Bowling for Speed: Part 3, Electronics For A Faster C6

When we left off on Part Two, we had just wrapped up the essential pieces to responsible C6Z Corvette ownership. Now, we could have stopped there and had a real screamer of a car. But we aren’t the type to leave well enough alone.

I remember a conversation that Jeremy Clarkson had on Top Gear with Matt LeBlanc. Clarkson was commenting on how Americans just cannot leave their cars stock from the factory and I have often felt LeBlanc’s response was just not adequate. I’ll paraphrase; he essentially said: We don’t want something someone can just go out and buy themselves; we want to personalize our cars.

There’s so much more to it than that. You see, I think it’s pretty damn American to want to fiddle with, differentiate, and push the limits of our toys to see what they really can do. That said, I have been told, to my face: “What? You think you’re smarter than an entire team of GM engineers?”

My answer has been and always will be: GM has a lot of regulatory constraints and customer expectations to deal with; I do not. Therefore, I can improve my car however I see fit and yes, many upgrades make the car faster than originally intended. I look at the Corvette as a great base to build upon. Start with a good car and you can make a great car.

When you install the LG Track Box, it comes with two modes, Street and Track. When in Street Mode, it will act as a normal setup would. However, in Track Mode, it will start the car with traction control and active handling turned off and in ‘race’ mode by default.

So, where do you go after the safety measures and horsepower concerns are addressed? All that’s left is making it swerve left and right — more zig, more zag. We need to get rid of the nanny-state oppression that is the mag-ride system, also known as F55. I’m fully aware the C6Z comes with “competition mode” but the shocks only respond to the predetermined program and there’s no way for me to adjust this to my driving style.

Electronic Defeatism

For those wanting to overcome the electronics in the C6 platform, you’ll need a couple of tools and bypass mechanisms. First, you’ll need to defeat the F55 system; there are two ways to do it.

The Magnetic Ride that GM put on the car is pretty decent for what it is, but it’s not quite the same when steering with your butt-dyno. You can easily overpower the traction control and active ride handling. It can be quite jarring when the car thinks I should be slowing down, when in fact I want to be going faster. As mentioned, the car does have “competition mode”, which essentially turns everything down to its lowest settings, but it is still there.

The only way to get the car to behave exactly as you want it, is to remove the F55 shocks and replace them with coilovers.

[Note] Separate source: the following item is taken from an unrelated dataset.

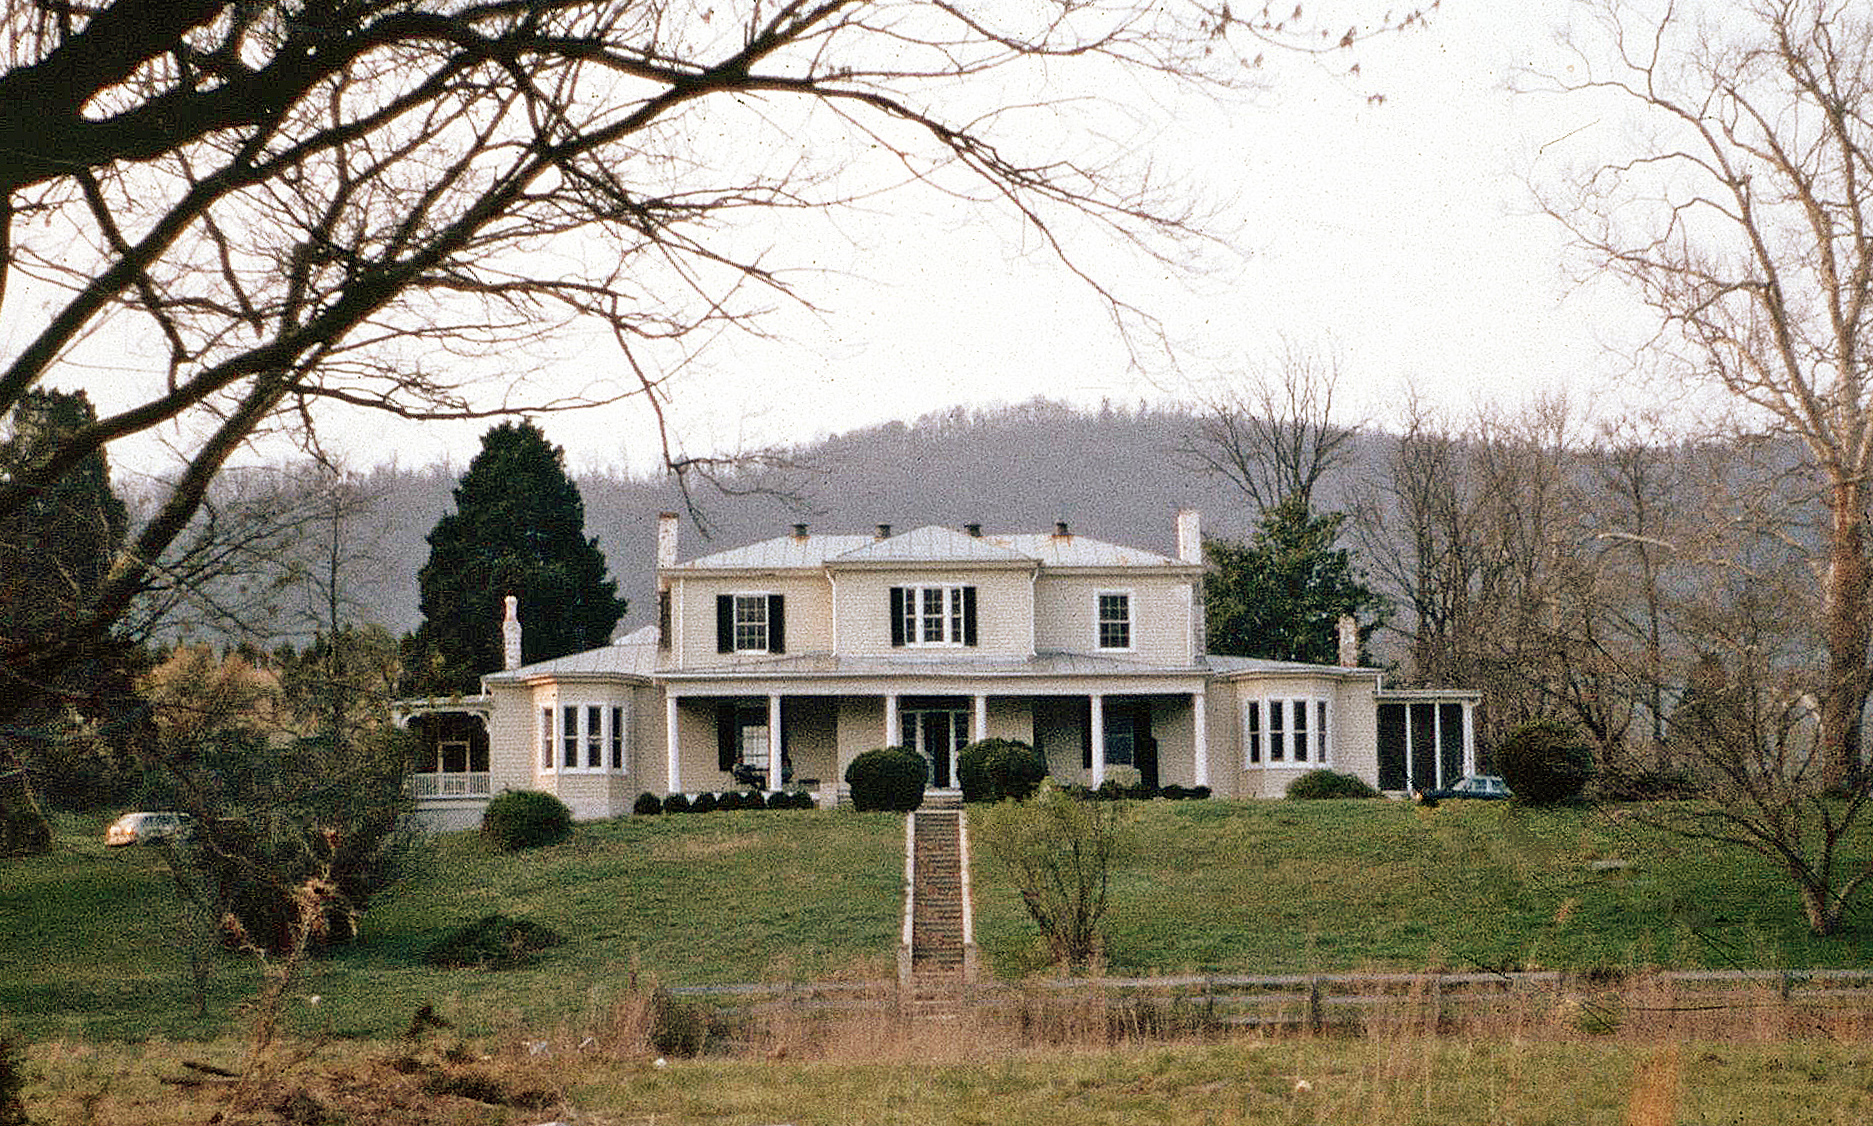 081-0295_Virginia_Manor_1987_exterior_front_elevation_VLR_Online
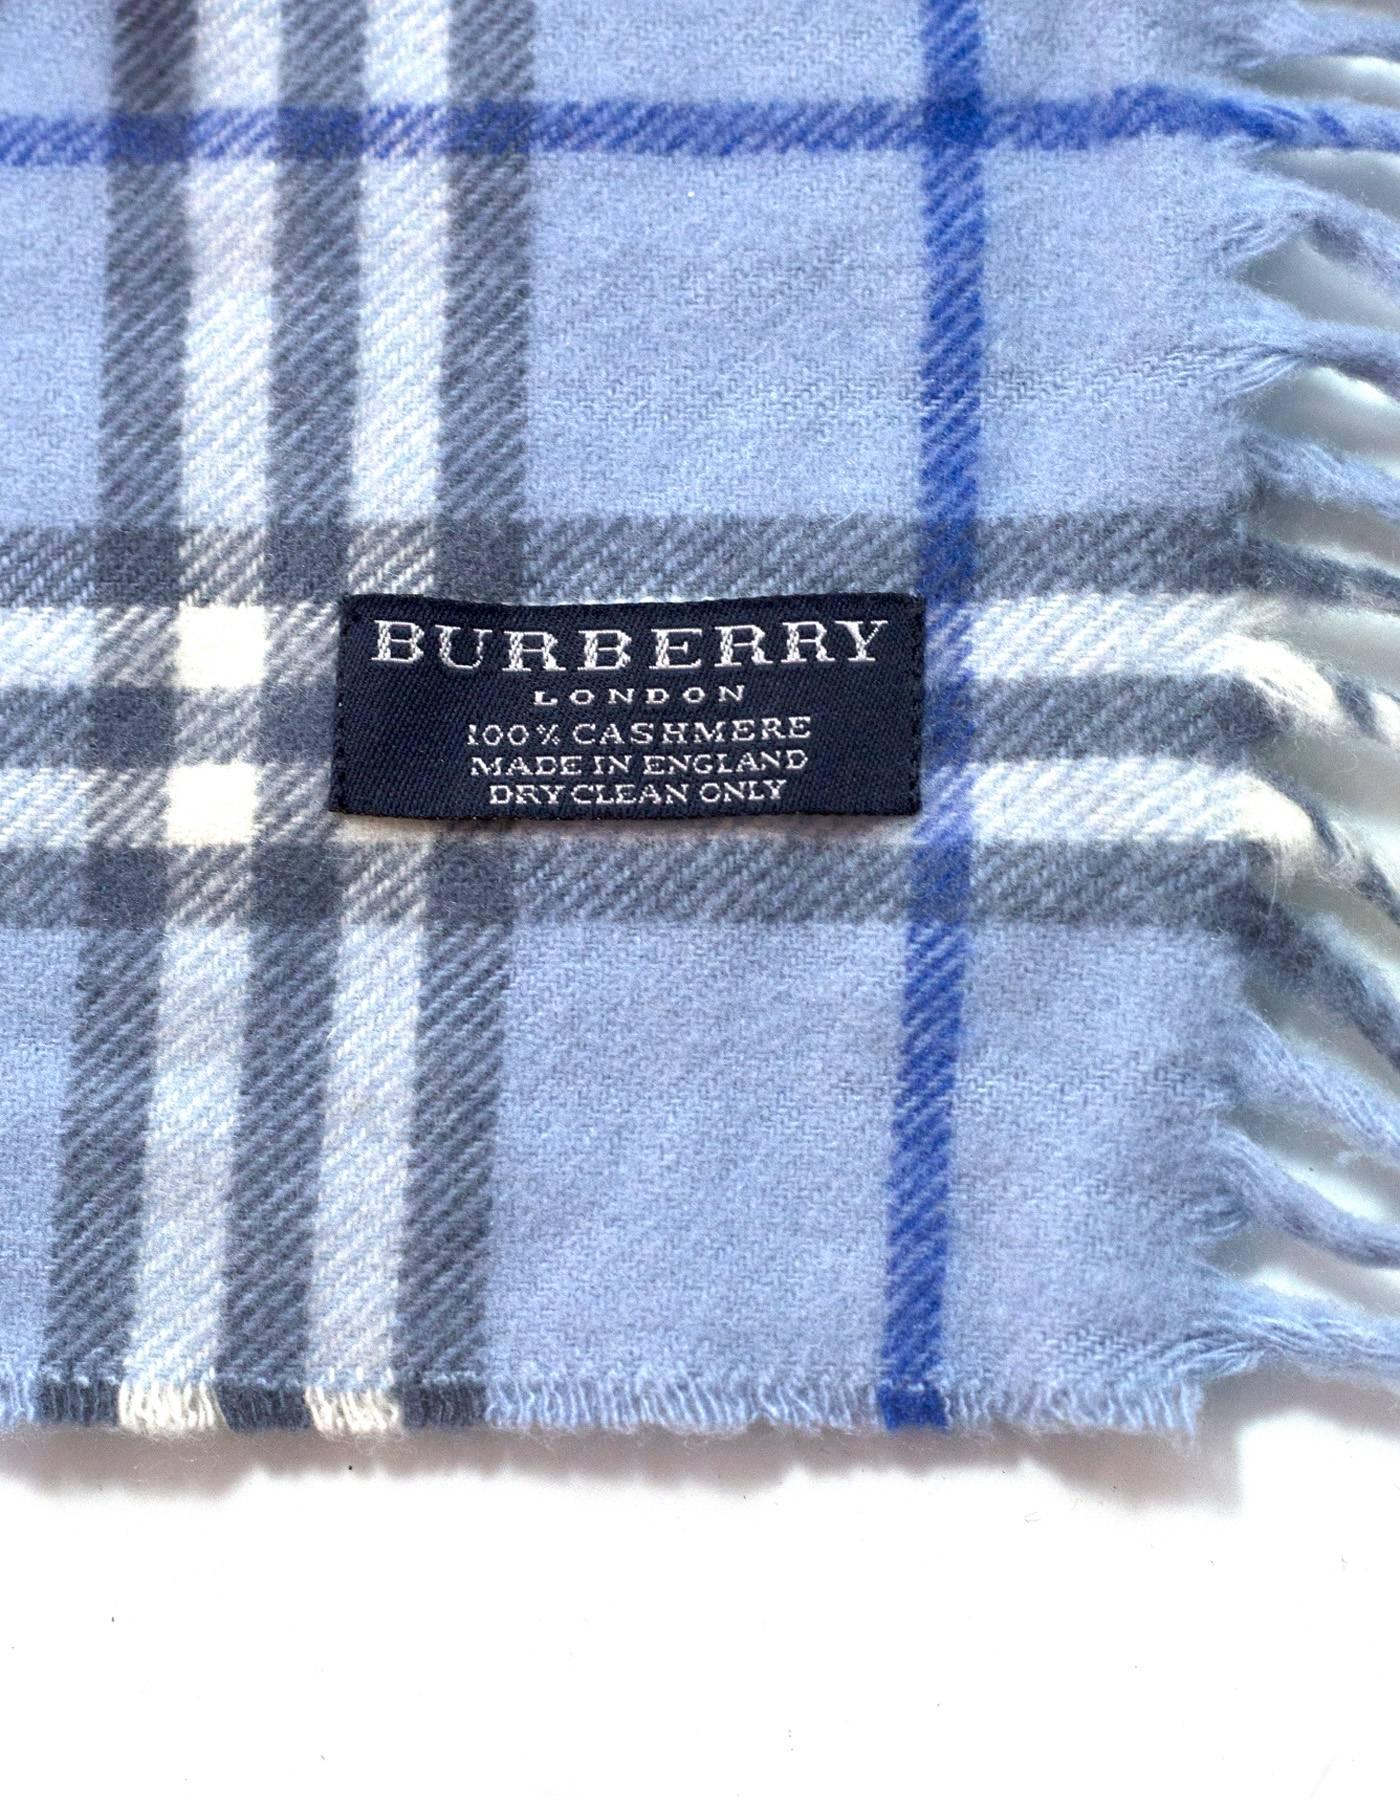 burberry happy scarf

Which is exactly what we did. Seems a shame to throw low-mileage parts into a bin, but progress waits for no man. The original, transverse springs were unbolted and put in the parts pile; replaced with coilovers.

It’s amazing how much goes into tricking an ECU. We have F55 Mag-Ride simulators, the LG Track Box that eliminates the TPMS sensors in the wheels and the yellow sims are for the air-bag lights on the dash for the driver’s seat. Under the passenger footwell, you’ll find the BCM and the specific wiring needed to splice in the LG Track Box.

The shocks weren’t too terribly difficult to replace, with the exception of the fronts. They required a special tool we didn’t have, or one tiny wrench (7mm) and one big wrench and a lot of patience. The tricky part was finding a set of F55 sim plugs which usually run a couple hundred bucks from the usual sources. After running them for the season, in my opinion, they are probably not worth the plastic they are molded into. I still get an error code which limits my MPH to 168. The money would be better served purchasing a basic Tech II from Amazon and editing the F55 code out of the system.

Tech II Editing

The second way to remove the pesky error codes can be made permanent with editing software. The best version I have found is the VXDIAG VCX Nano GDS2 tool ($125). It’s an OBDII port which comes with software and a USB cord that taps right into the GM software to turn the F55 completely off. In the software, it is called “FTD Suspension” and needs to be disabled. This eliminates the computer hunting for the magnetic shocks and ride-height sensors, allowing you to run any setup you desire.

When connecting the Tech II tool to your laptop, you’ll need to find the “RTD Suspension” parameter and make sure it is disabled.

LG Track Box

This little box is sold by LG Motorsports for around $400. It allows you to run low air pressure in your tires or run completely TPMS-free. The LG Track Box is a small device which splices directly into the BCM harness located in the footwell of the passenger area. This is also where you install a Mild-2-Wild controller as well. The wiring isn’t difficult, but it is a bit of a tight squeeze under the dash if you are taller than say, Danny DeVito.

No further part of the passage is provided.